Ask the Dentist: Some dental fun to relieve the pressure of lockdown

Practices are mostly closed due to Covid-19 so Lucy Stock, dentist at Gentle Dental Care in Belfast, has had time to take a lighter look at her profession's history

Close-up of a roll of dental floss – Robert Shepard made a floss rope to break of jail
Lucy Stock

BLUETOOTH is used every day but how many of you knew it had a toothy origin? Harald Gormsson was the King of Denmark and Norway in the 10th century AD. Harald was honoured with the nickname 'Blåtand,' which literally means blue tooth because he sported a dead tooth with a blue hue when he grinned.

The founders of bluetooth technology felt that Harald's ability to unite people in peaceful negotiations would be appropriate for a telecommunications technology.
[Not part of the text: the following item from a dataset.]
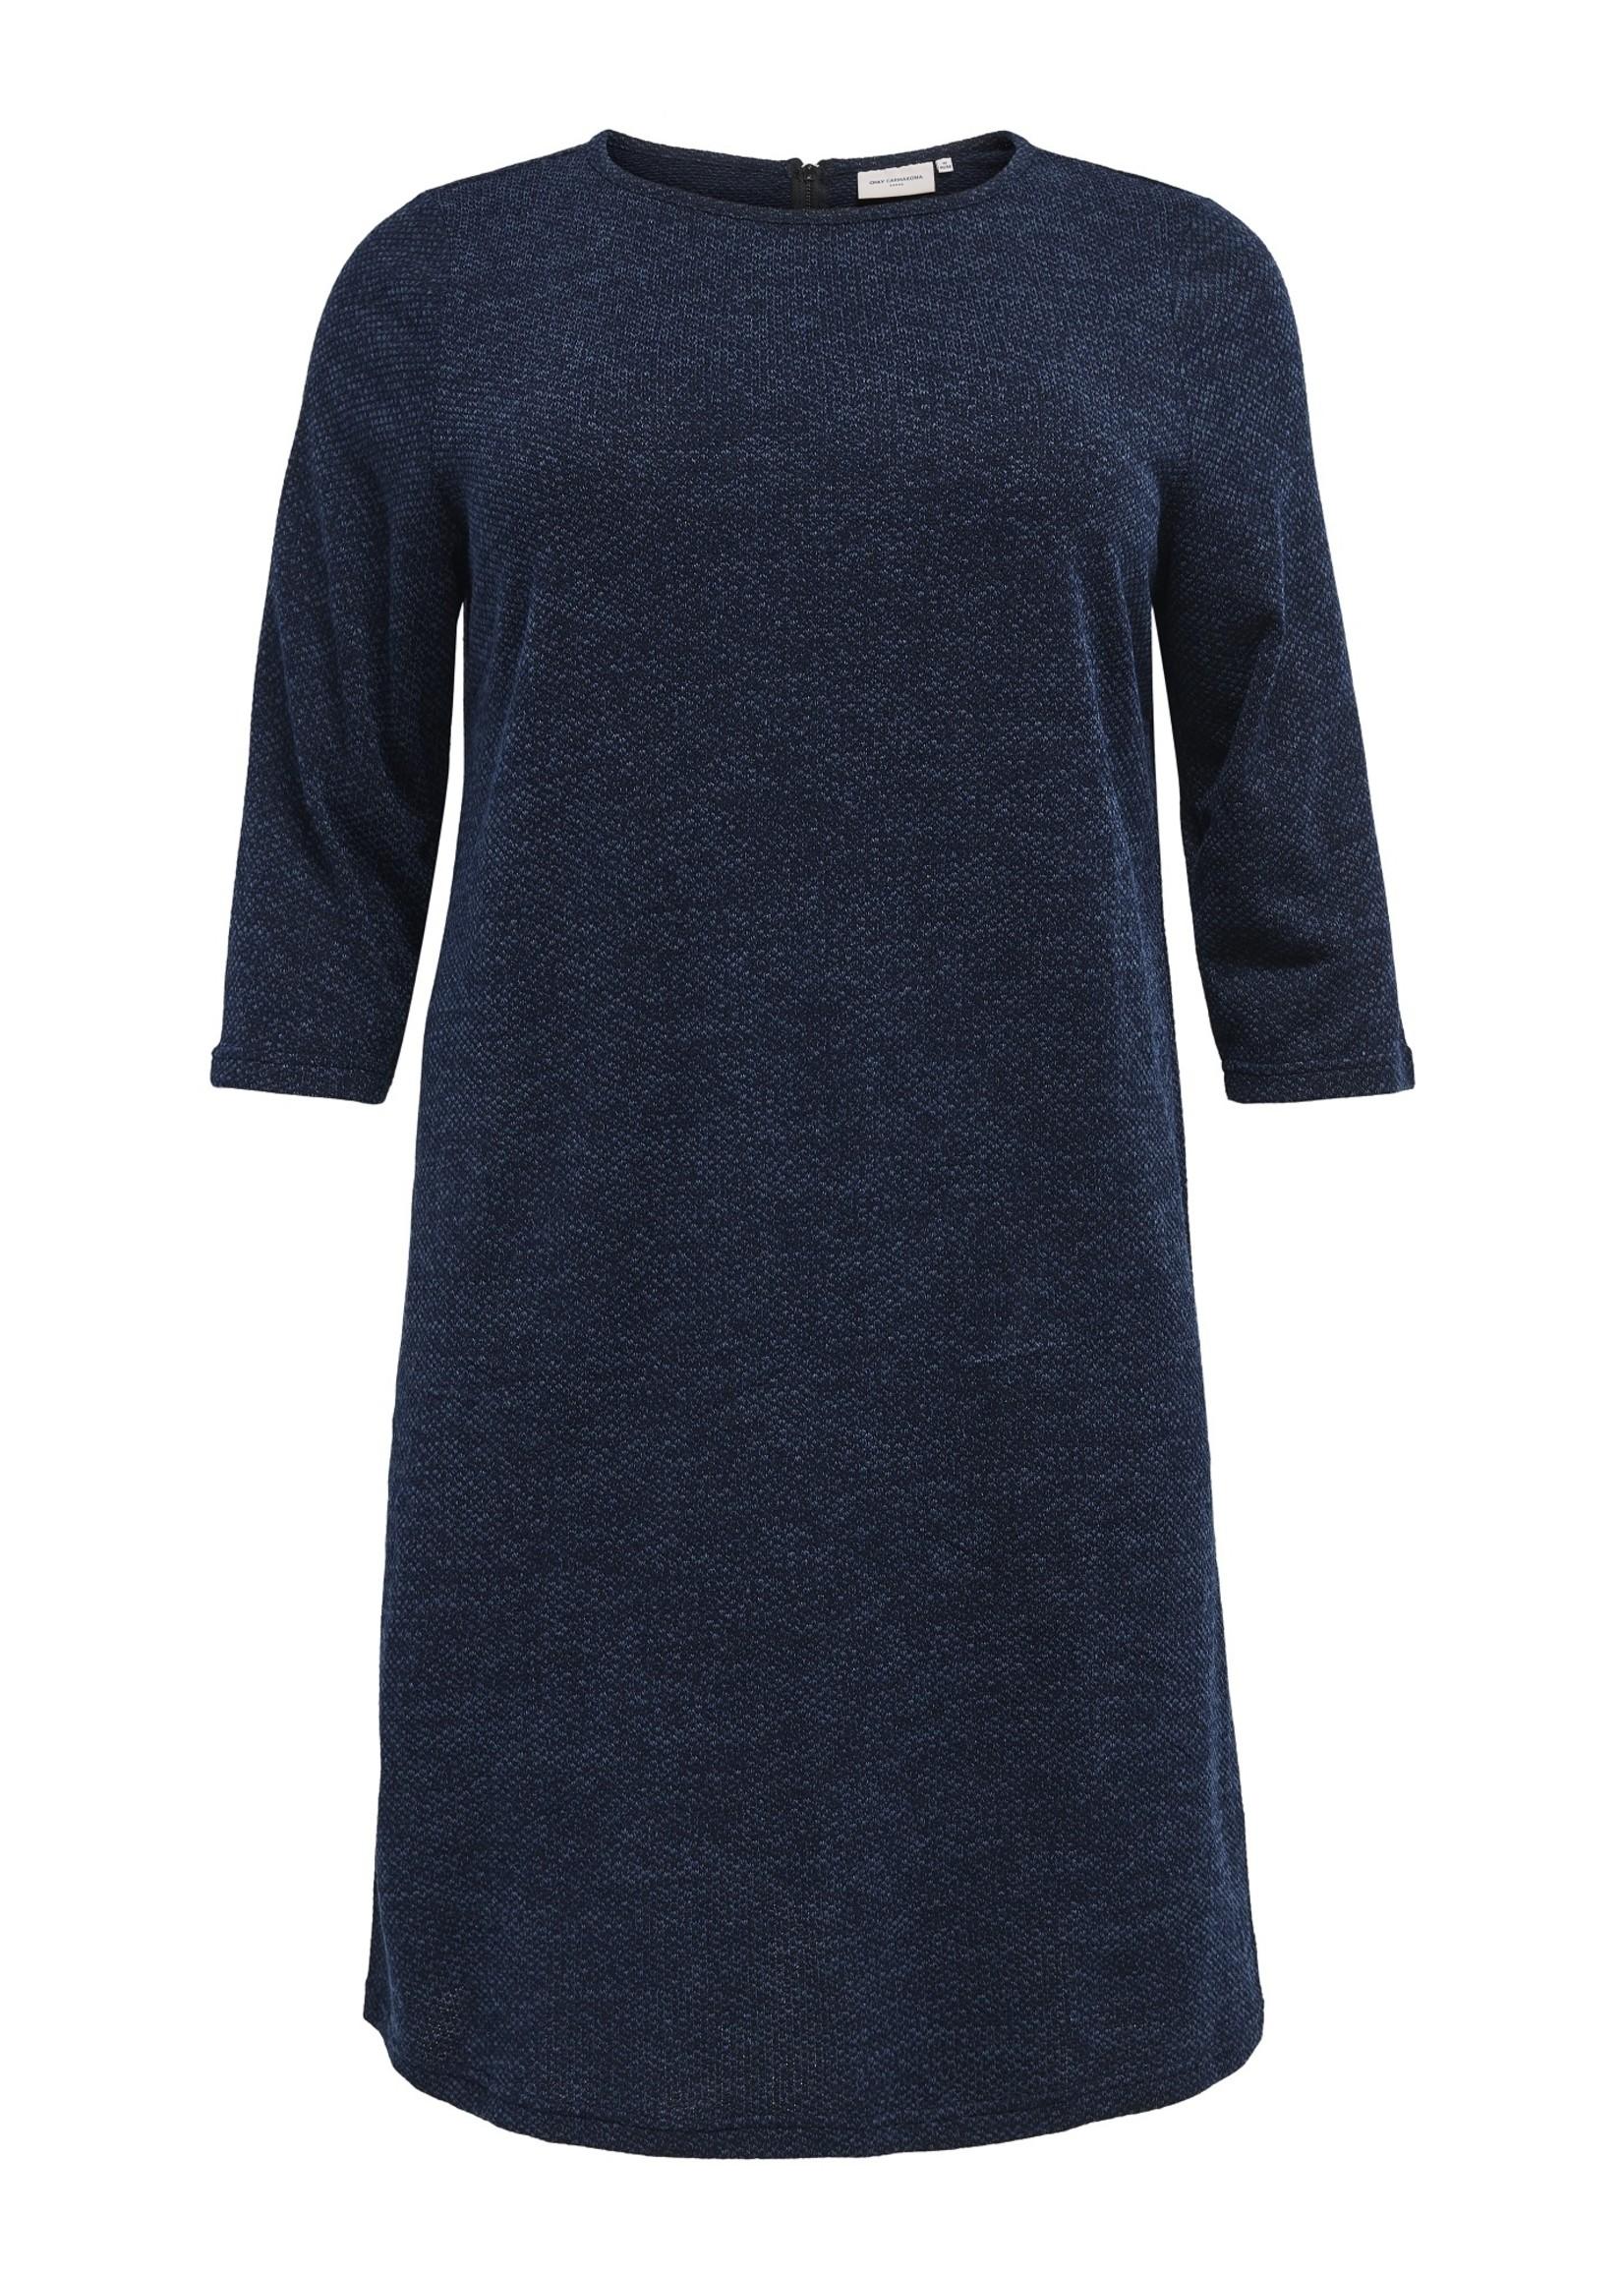 Only Carmakoma Only Carmakoma Martha Knit Dress

In contrast, the Japanese prime minister Hideki Tojo was the so-called “architect of the war in the Pacific.” He was awaiting trial for war crimes after the Second World War with a serious case of tooth decay. Tojo requested new false teeth so that he could speak at his trial and an American dentist was appointed to deliver said teeth.

A plan was hatched to inscribe “Remember Pearl Harbour” on the dentures, but not wanting to be too obvious, the dentist inscribed the message using Morse code on the top set. Eventually the rumour got out and the message had to be hastily drilled off before the dentist got into trouble.

In the 1860s American Civil War it was mandatory for soldiers to have at least four upper and four lower front teeth so that they could bite off the end of the powder cartridges used with the rifles of the times. Soldiers who weren't so keen on fighting decided that removing their front teeth was a better option than the front line.

In 1994 an inmate in a West Virginia prison named Robert Shepard made a unique prison break. He braided dental floss into a rope as thick as a telephone cord and used it to scale an 18-foot wall. The prison guards scratched their heads trying to work out how he managed to acquire so much floss and sale of floss in the prison was duly suspended.

As most of the dental practices are now mainly closed except for emergencies you might want to try out a100-year-old technique to cure tooth decay – boiling dogs teeth in wine. Failing that, drinking the wine will have more effect. Hands off dogs!